(Source material begins)

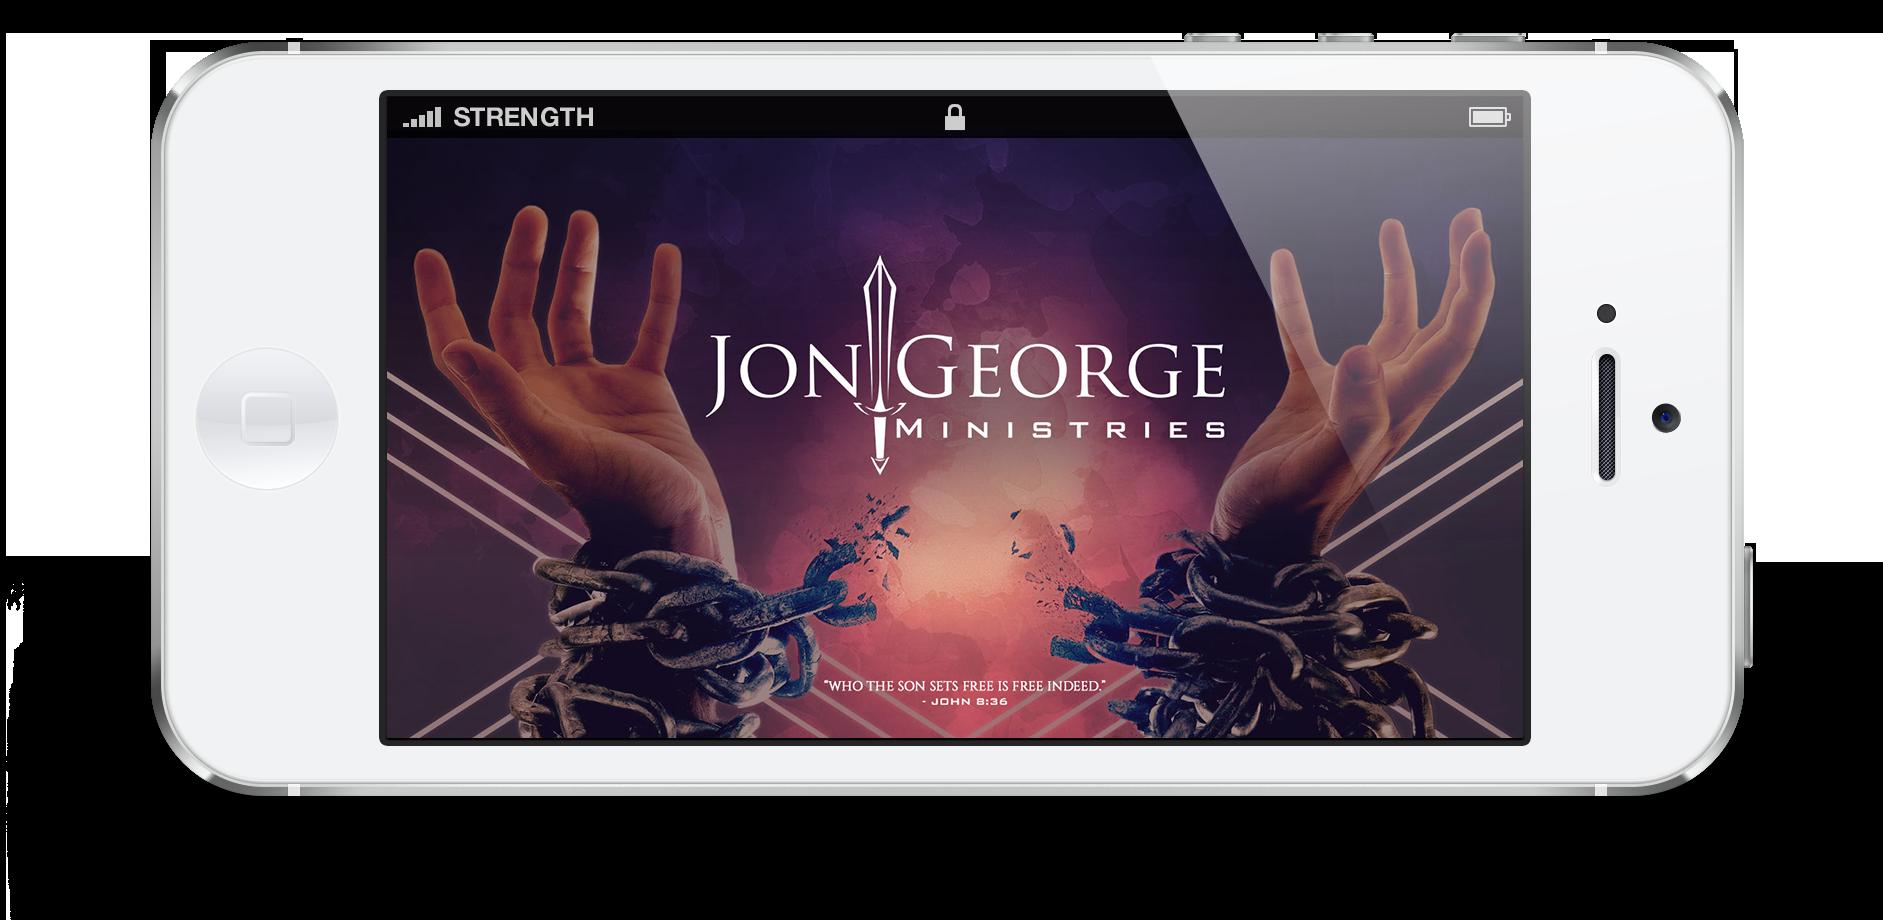 Jon George Ministries Mobile App
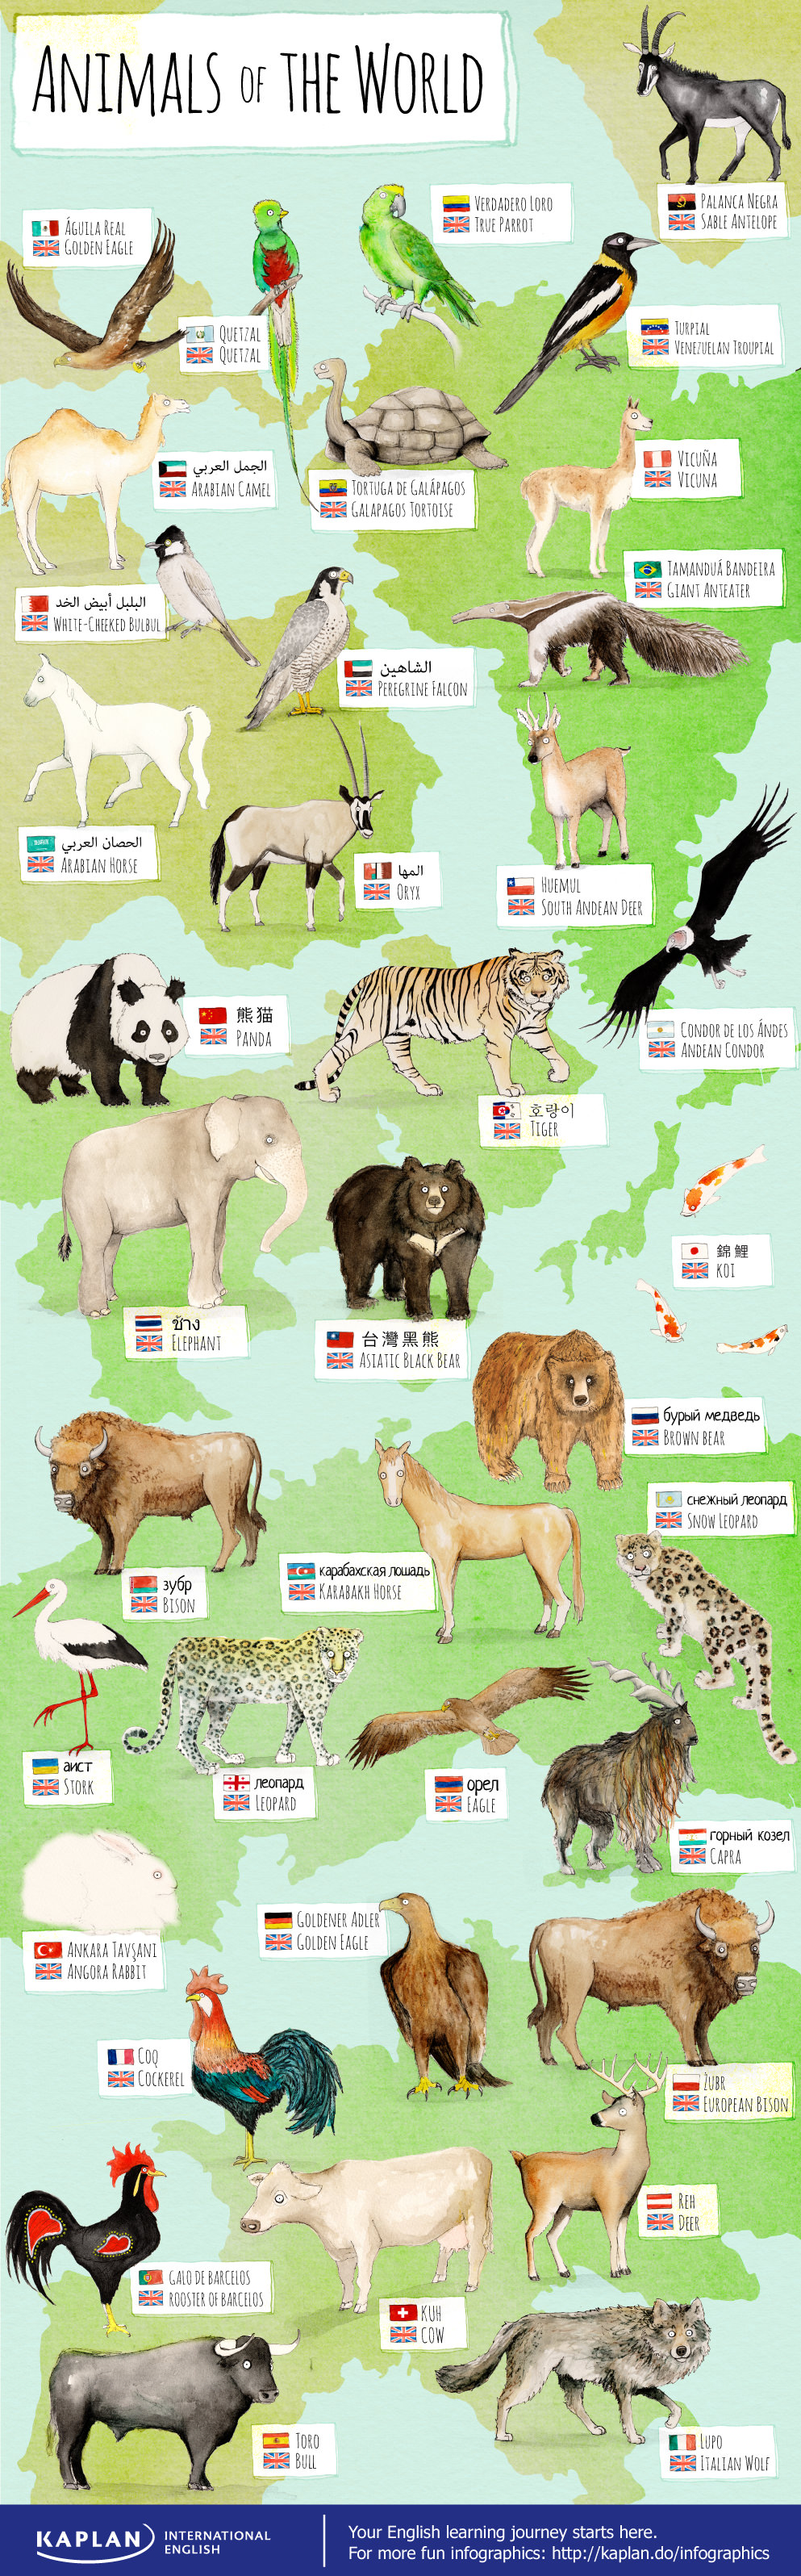 Learn World Animals In English Vocabulario En Ingles Educacion Aprender Ingles
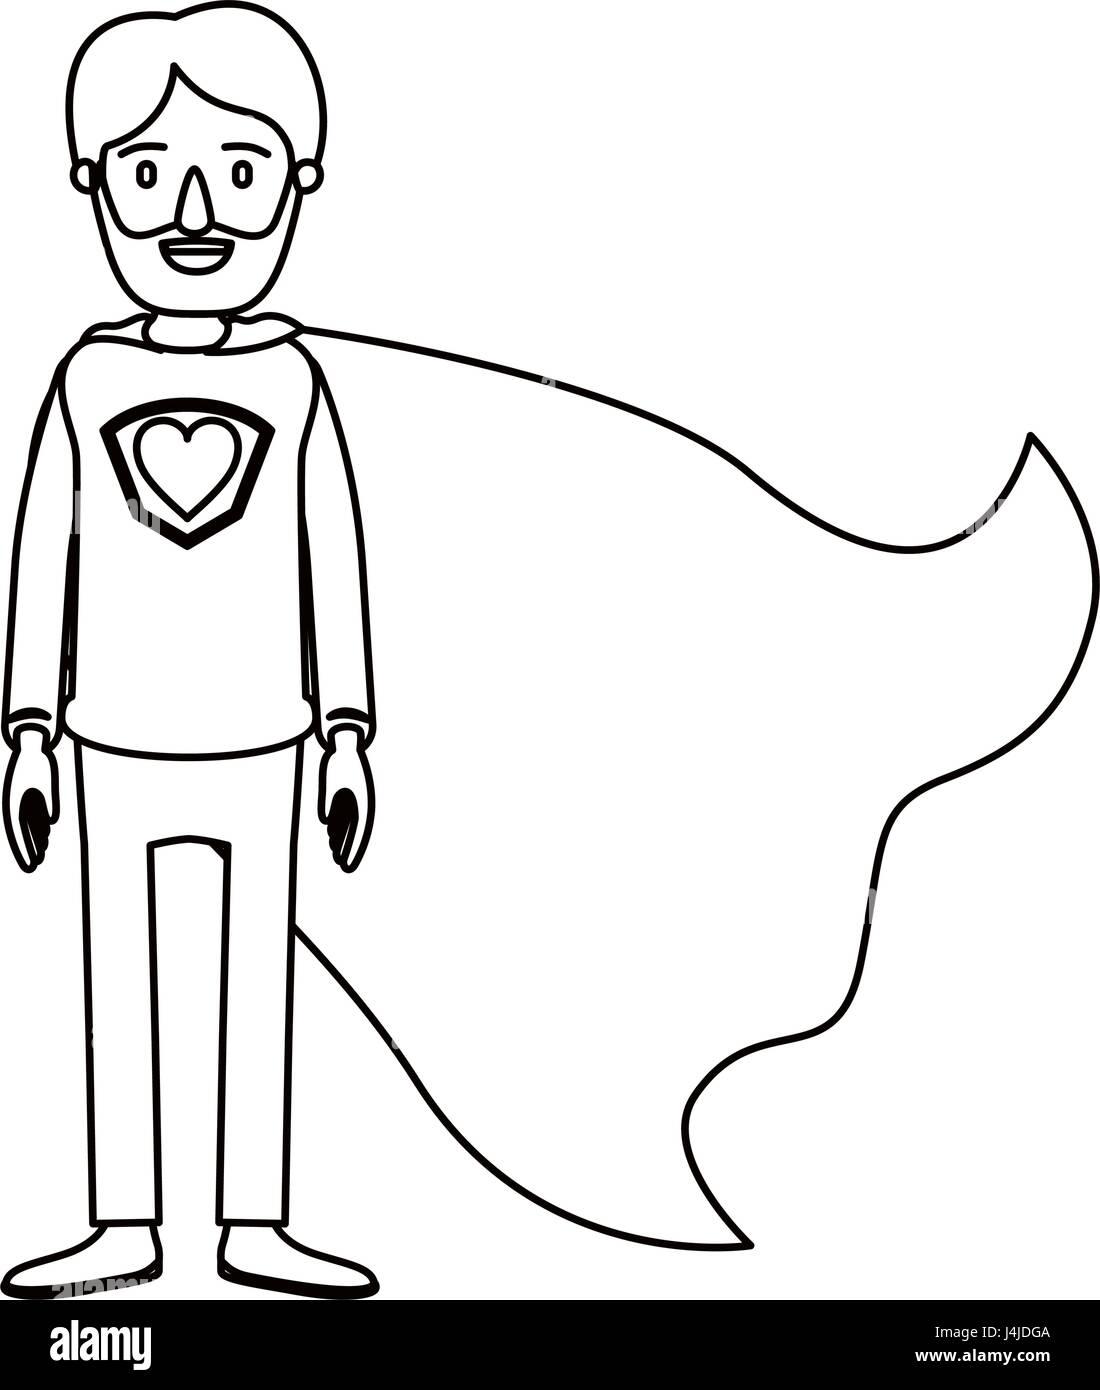 Silhouette Cartoon Full Body Super Dad Hero With Beard And Heart

(Source material ends)

Everything in the listing above, apart from its pictures, must be repeated exactly.

 Jon George Ministries Mobile App
 Learn World Animals In English Vocabulario En Ingles Educacion Aprender Ingles
 Silhouette Cartoon Full Body Super Dad Hero With Beard And Heart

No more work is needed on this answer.